Frank is reluctant at first but gives in to Libby and the pair begin patrolling the streets. Boltie is even less stable than the Crimson Bolt though and she nearly kills a man who had keyed a friend’s car. Frank works to keep her stable and the two bond. They continue fighting crime and growing close, perhaps too close for Frank, a man still hoping to save his wife Sarah.


When they encounter another criminal with a gun, the Crimson Bolt and Boltie decide they need to up their game. Cue a musical montage of gun buying and arming up with body armor and gadgets. Now the pair head to save Sarah and stop Jacques once and for all.


Super was a surprising good, if violent, film that combined action, comedy and dark drama into a unique mix. James Gunn makes a movie that asks the question of what would happen if ordinary people donned masks and fought crime. It isn’t the neat, clean, good vs. evil world of comics and movies, that’s for sure. Gunn shows his roots in Troma Entertainment with Super’s dark humor and sometimes ultra-violent nature, but that is not a detriment to the film. It enhances and even makes the absurdity of the concept more believable. Wilson and Page both deliver excellent performances as the two ordinary, if somewhat mentally unstable, people who become heroes.
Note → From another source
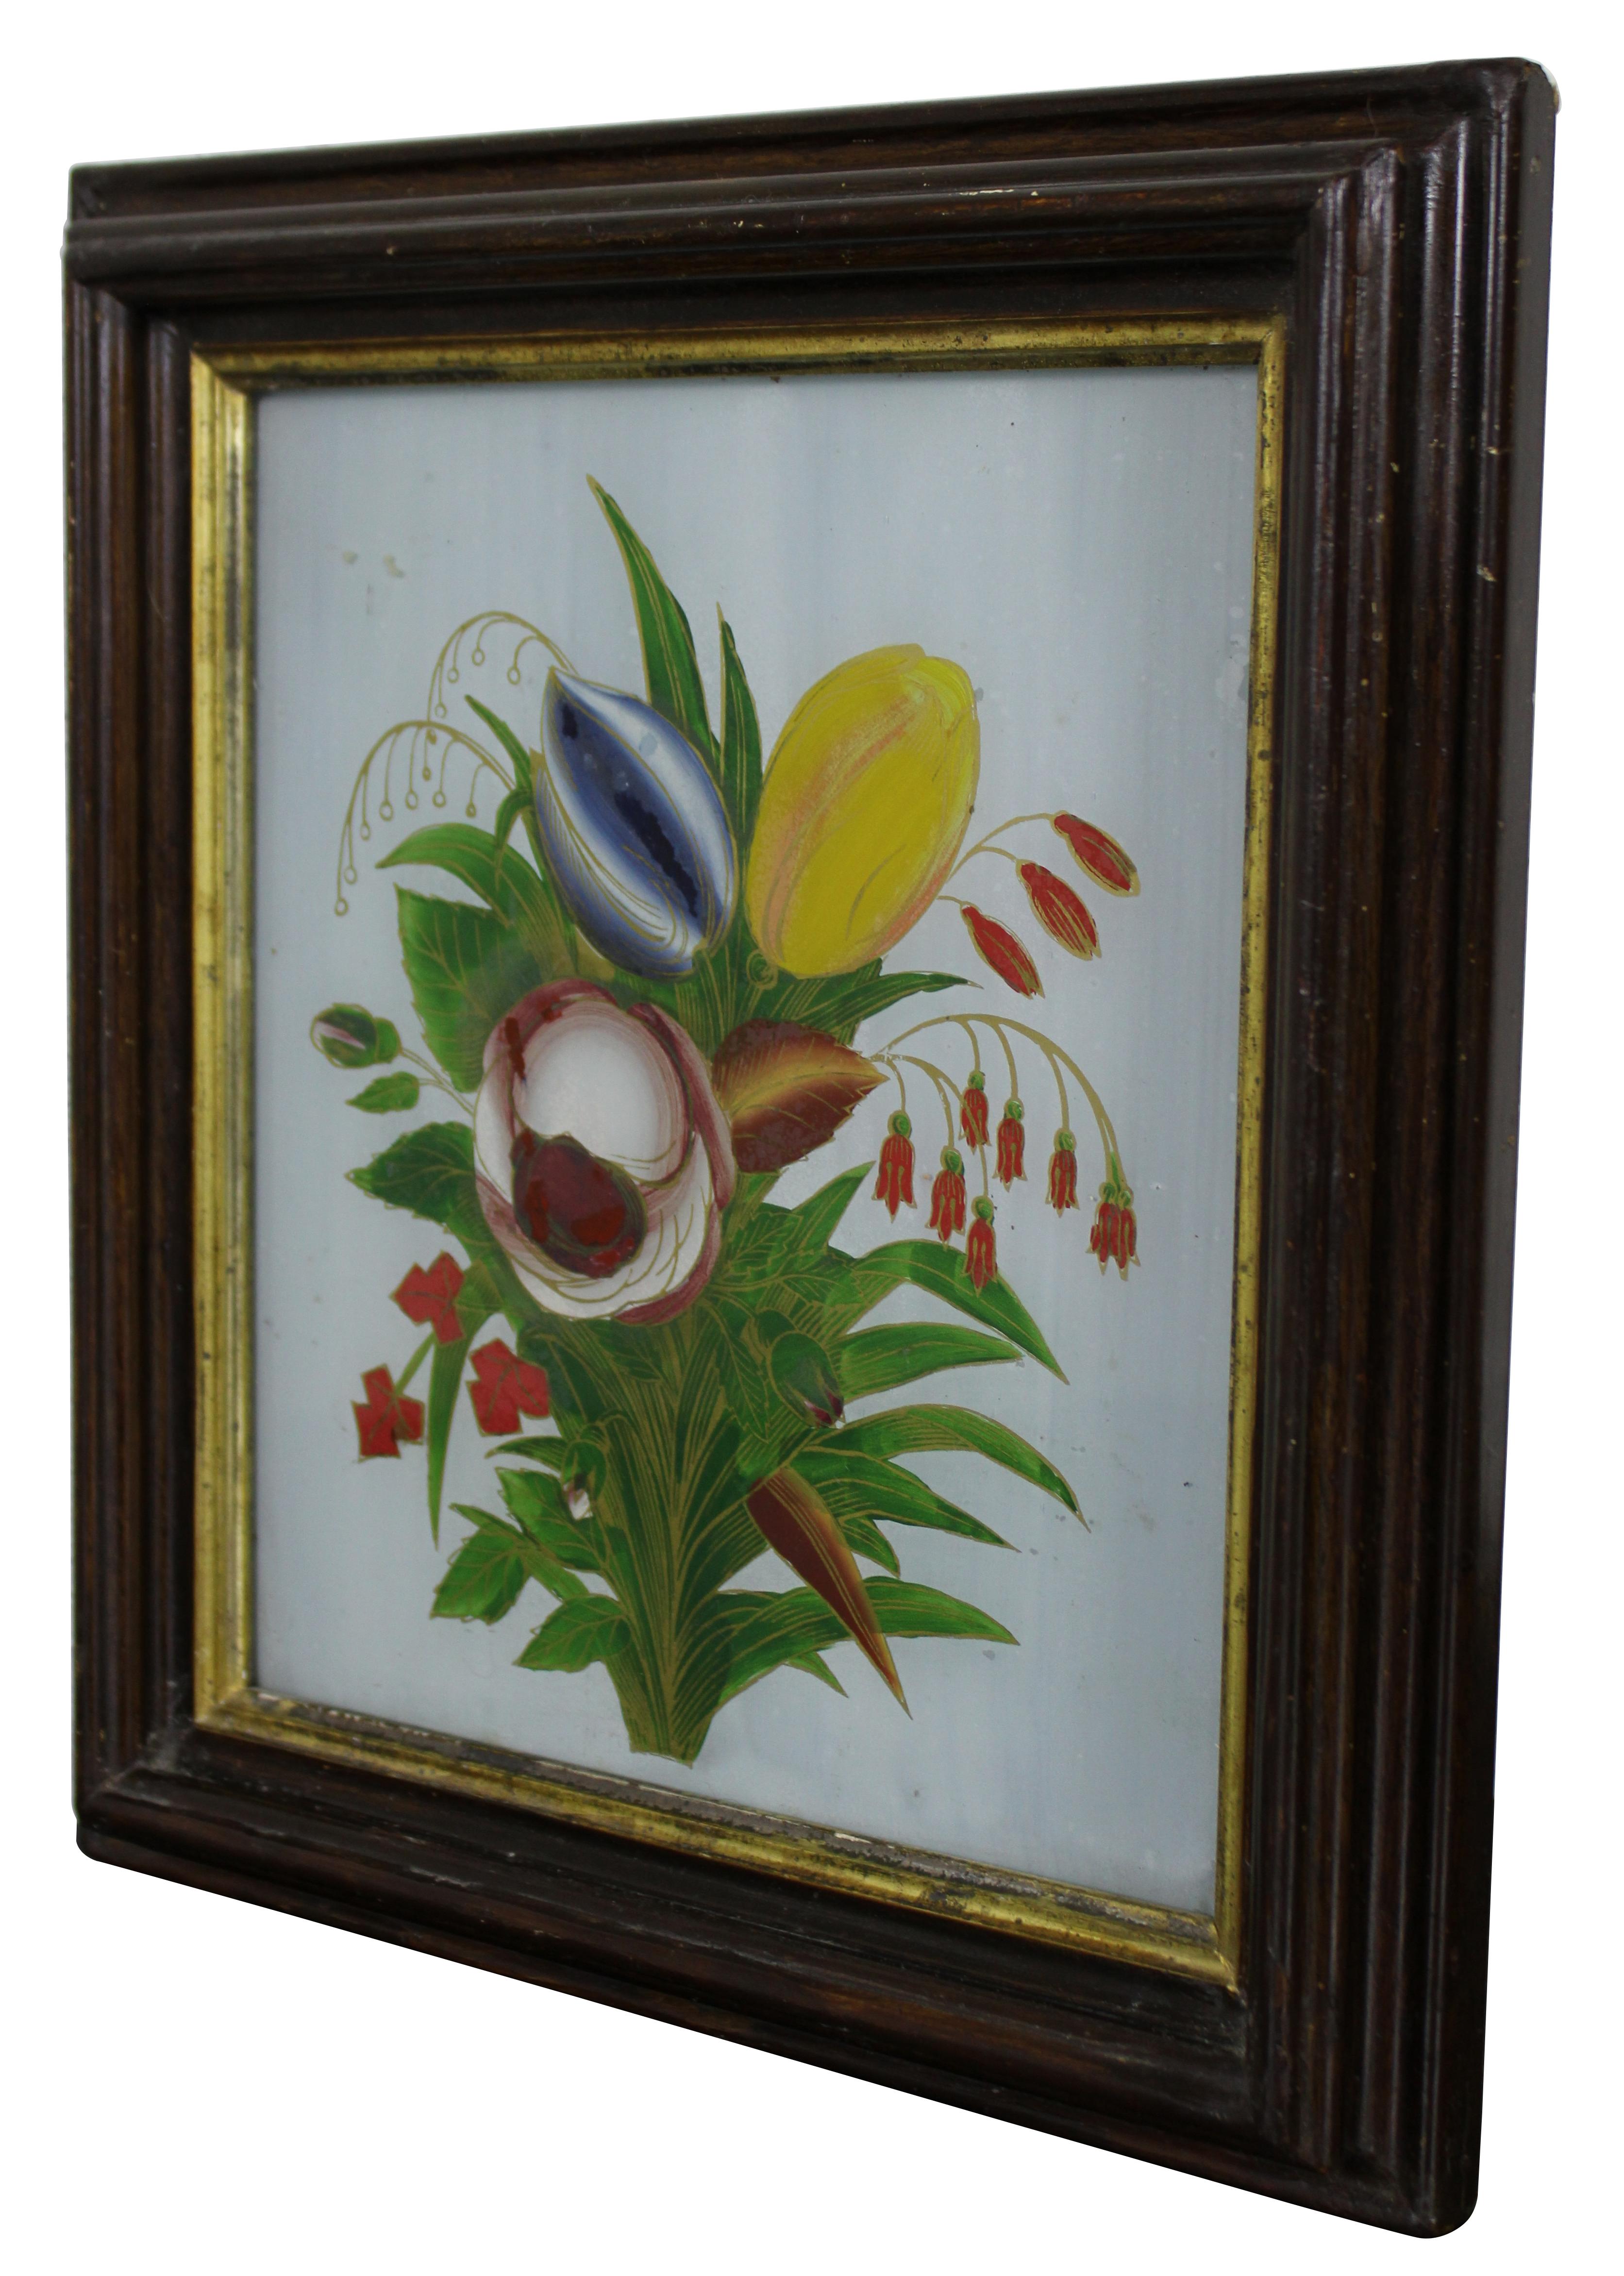 Antique floral botanical still life oil painting, reverse painted on glass, featuring a brightly colored flower arrangement with gold gilded accents.

Measures: 10.5” x 1.25” x 11.5” / Sans frame - 7.5” x 8.5” (width x depth x height).

The supporting cast is filled with alumni of other Gunn productions (Rooker, Blackehart, Henry, Fillion, Gunn & even a cameo by Troma’s own Lloyd Kaufman). Super is a rare treat in a world filled with sequels and remakes, an original movie. Though its violence and dark humor mean that it isn’t for everyone, Super is a must see for fans of the genre. It’s also a special treat for fans of James Gunn’s other, little films like Guardians of the Galaxy and Guardians of the Galaxy Vol. 2. Though you may have never been to Tromaville to see heroes like The Toxic Avenger and Sgt. Kabukiman, check out James Gunn’s Troma Entertainment inspired Super and say “Shut Up Crime” to Hollywood’s much less original offerings.